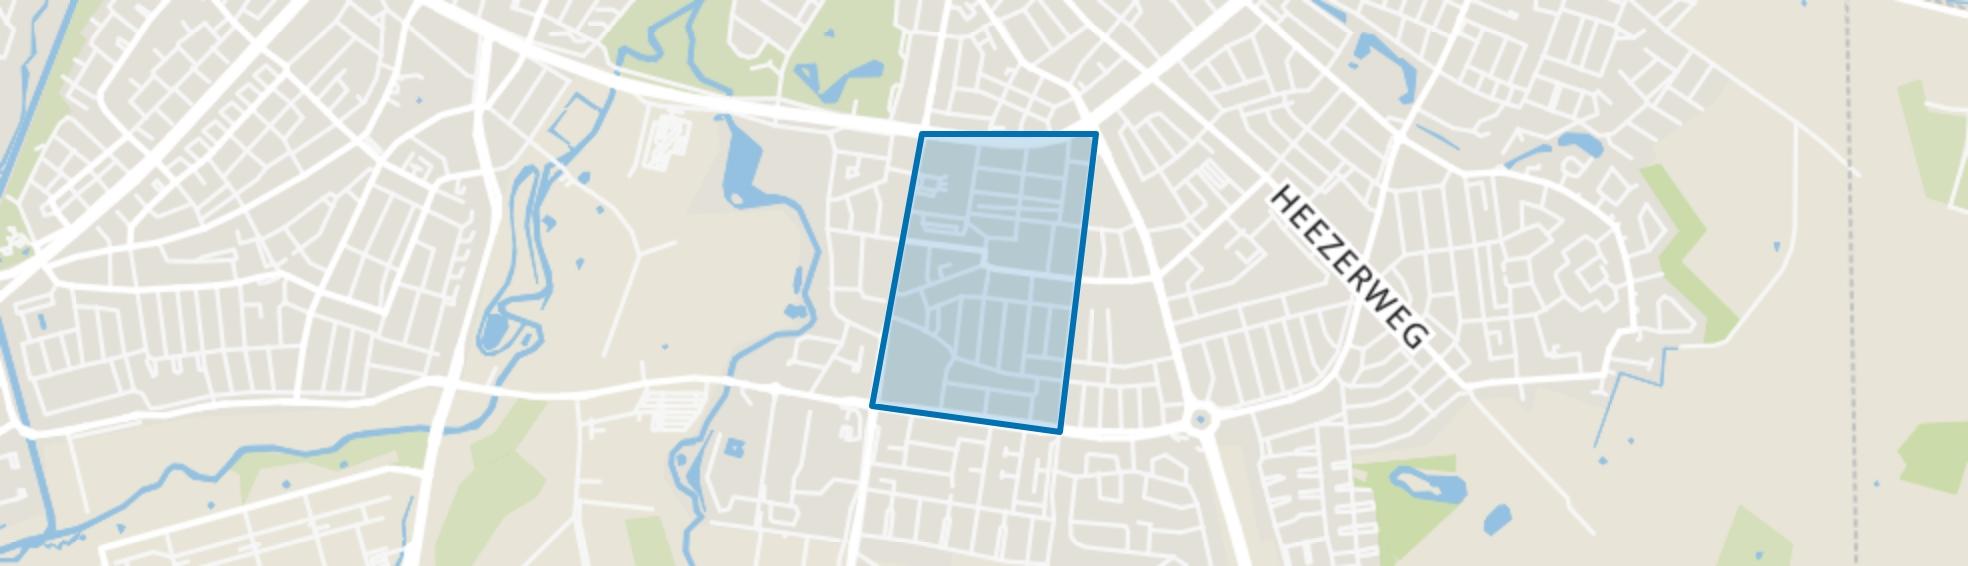 Gerardusplein, Eindhoven map
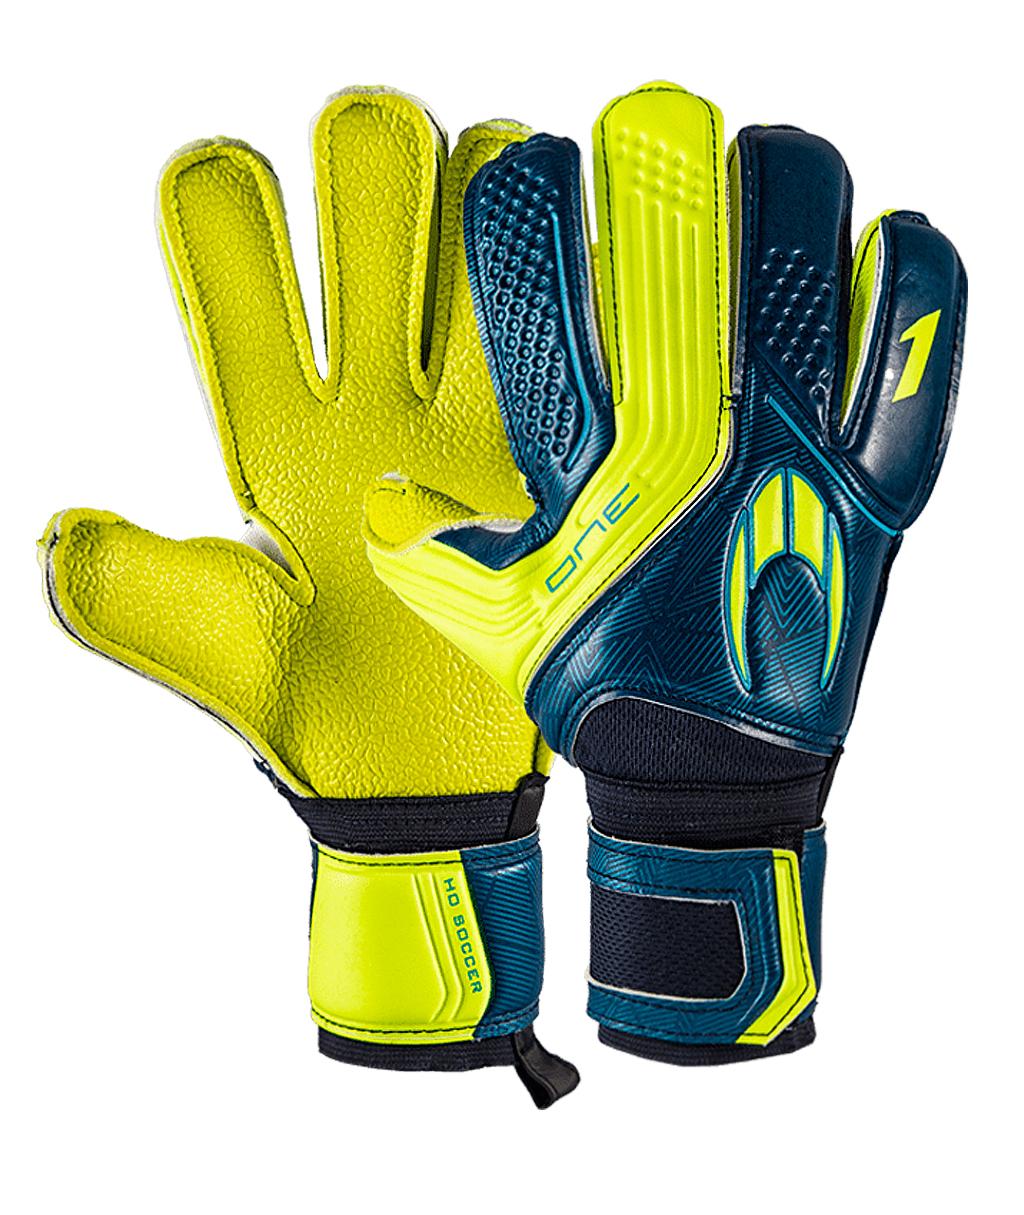 Купить перчатки HO Soccer One Flat Robust Deep Blue 051.0941
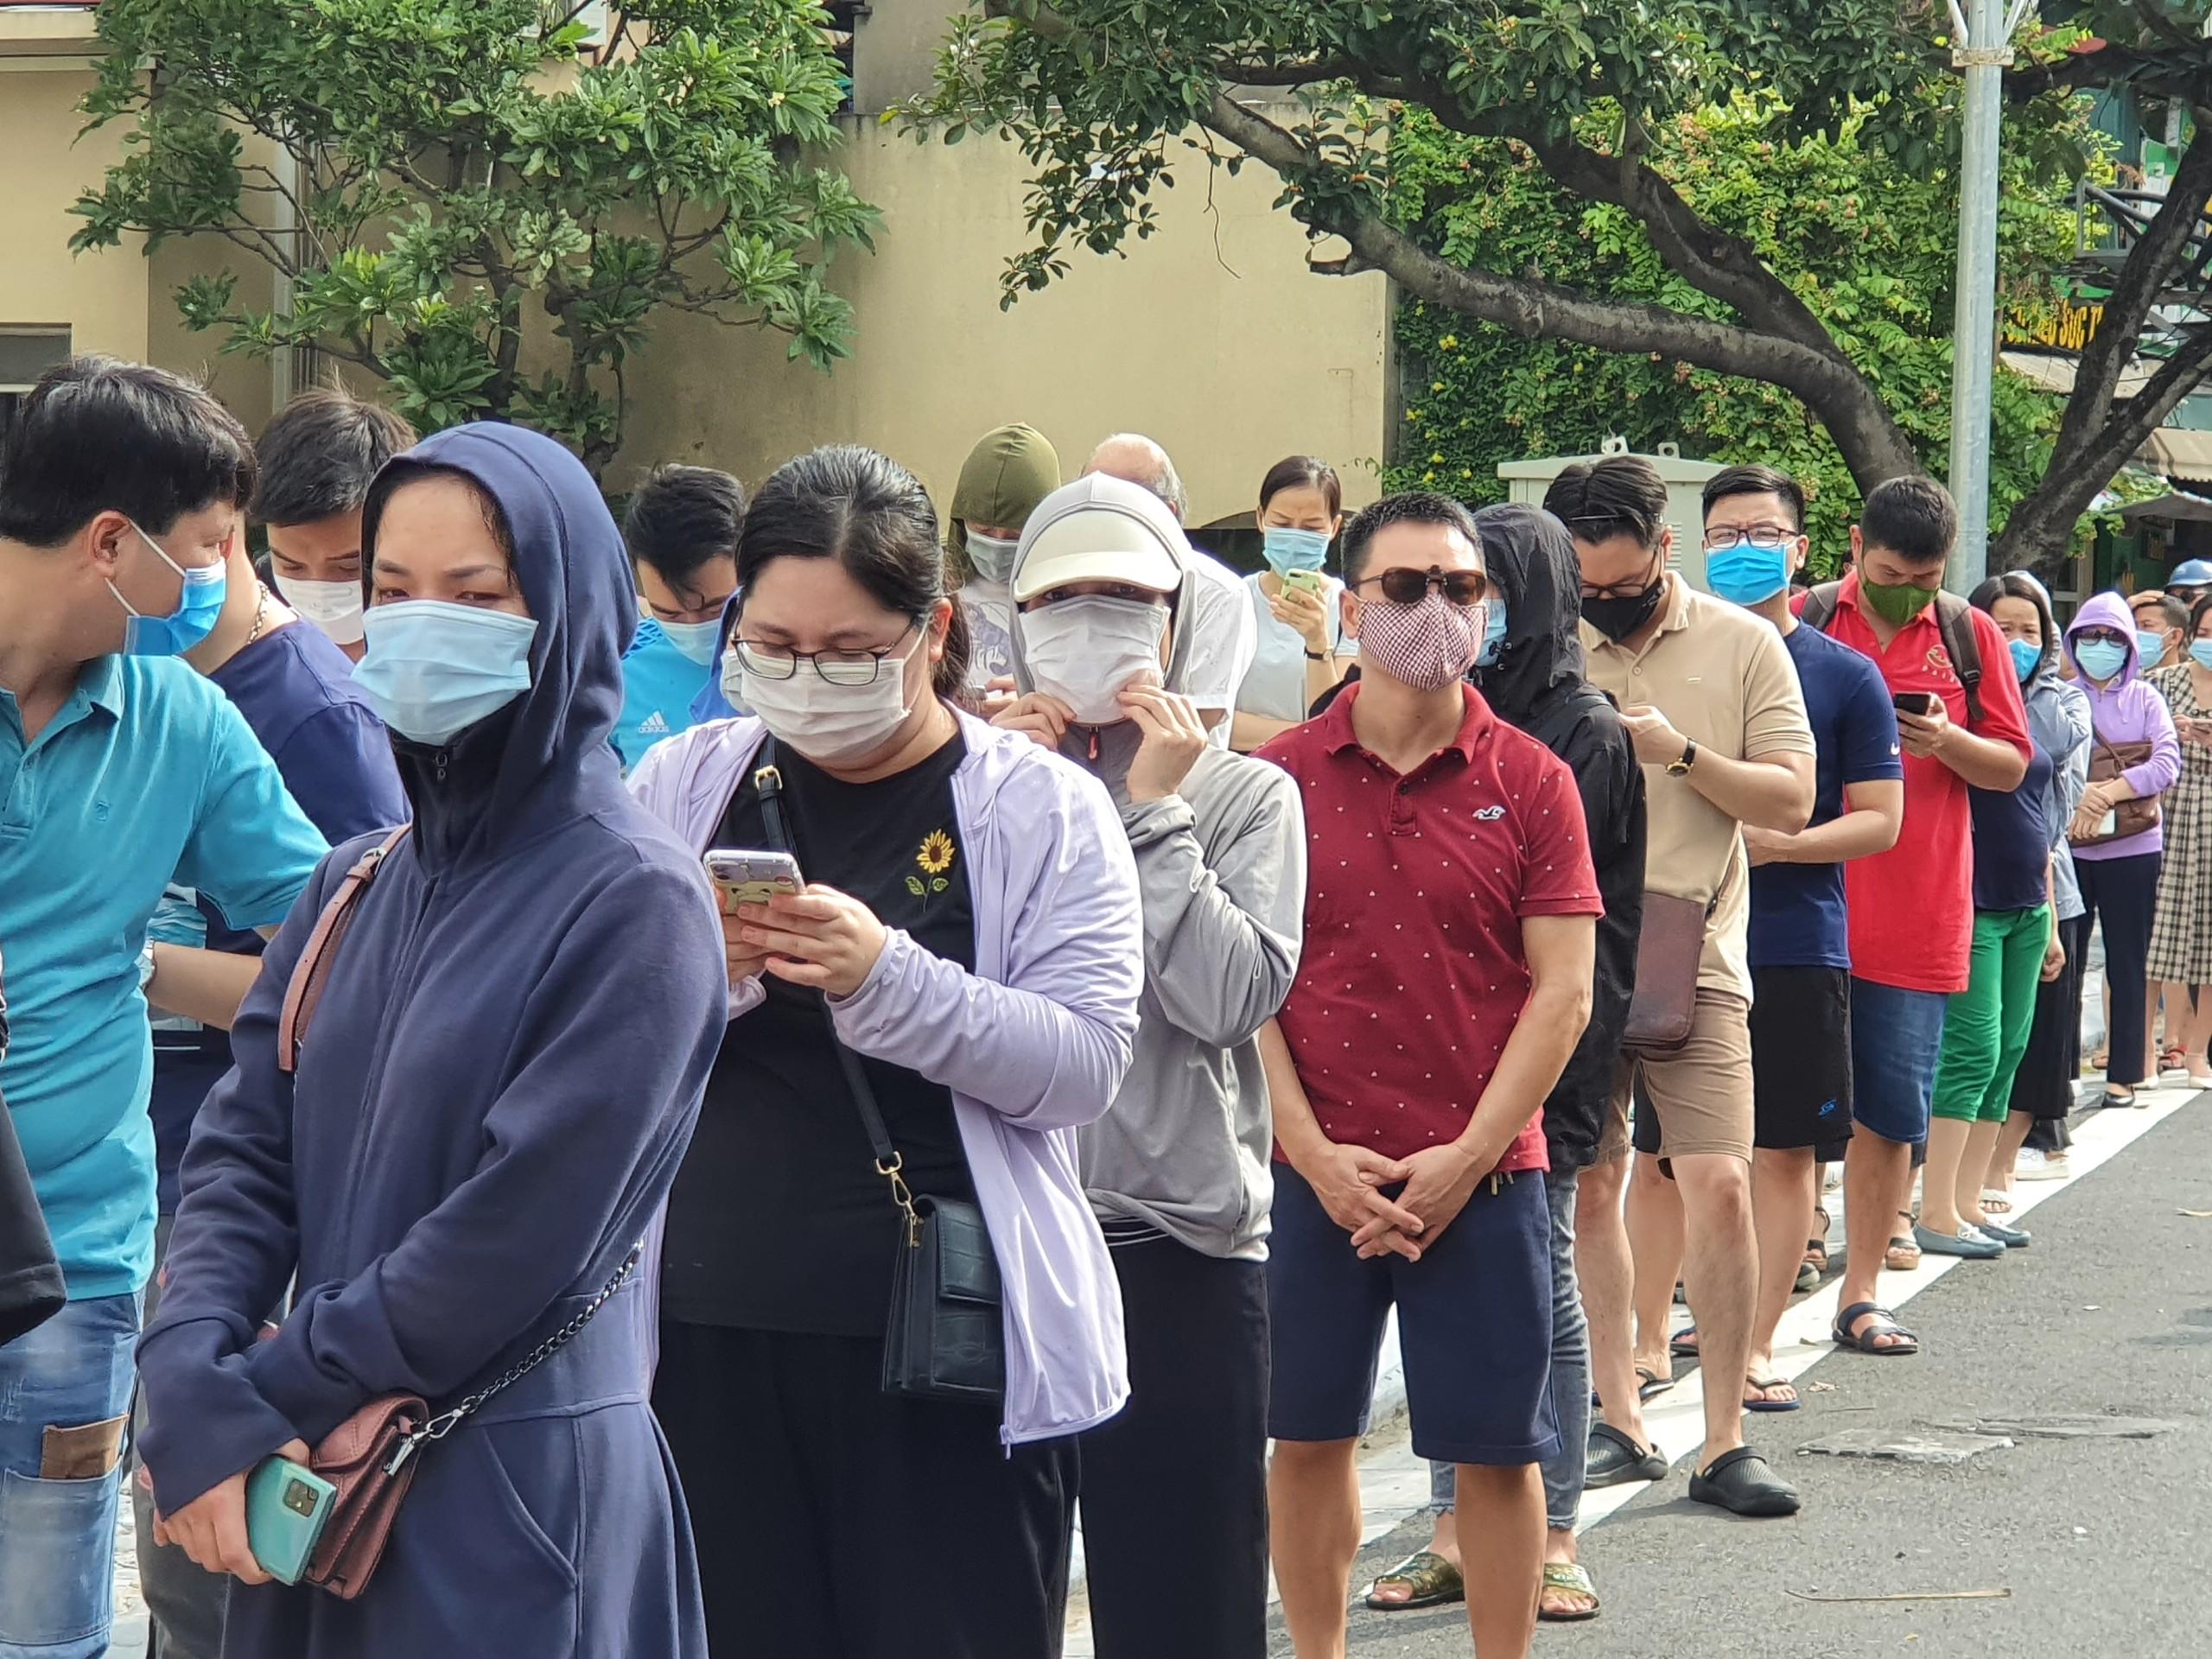 Hà Nội: Bánh trung thu truyền thống chưa 'hạ nhiệt' - Ảnh 1
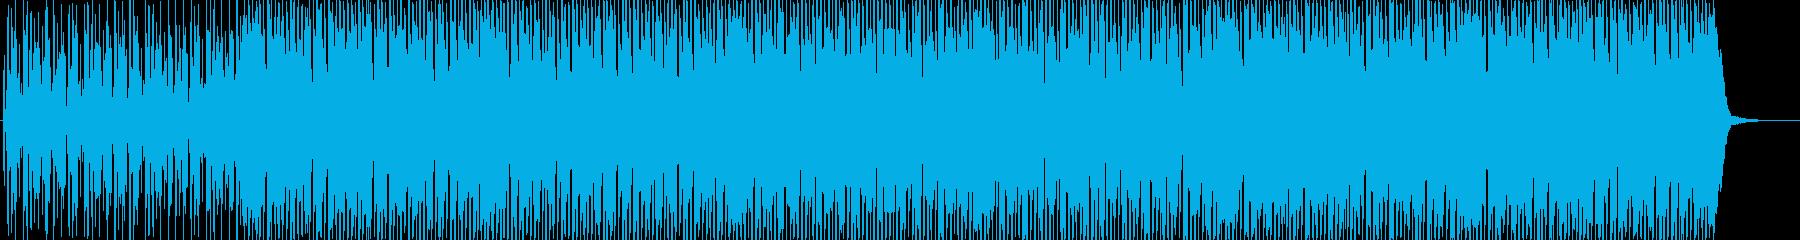 浮遊感のある4つ打ちHouseの再生済みの波形

=====

▶ _WHAT YOU NEED TO DO_: Only the lines from the one with "Hà Nội: Bánh" through the end of the listing above should be output, exactly as written and with no pictures.

▶ _ANSWER_:
 Hà Nội: Bánh trung thu truyền thống chưa 'hạ nhiệt' - Ảnh 1
 浮遊感のある4つ打ちHouseの再生済みの波形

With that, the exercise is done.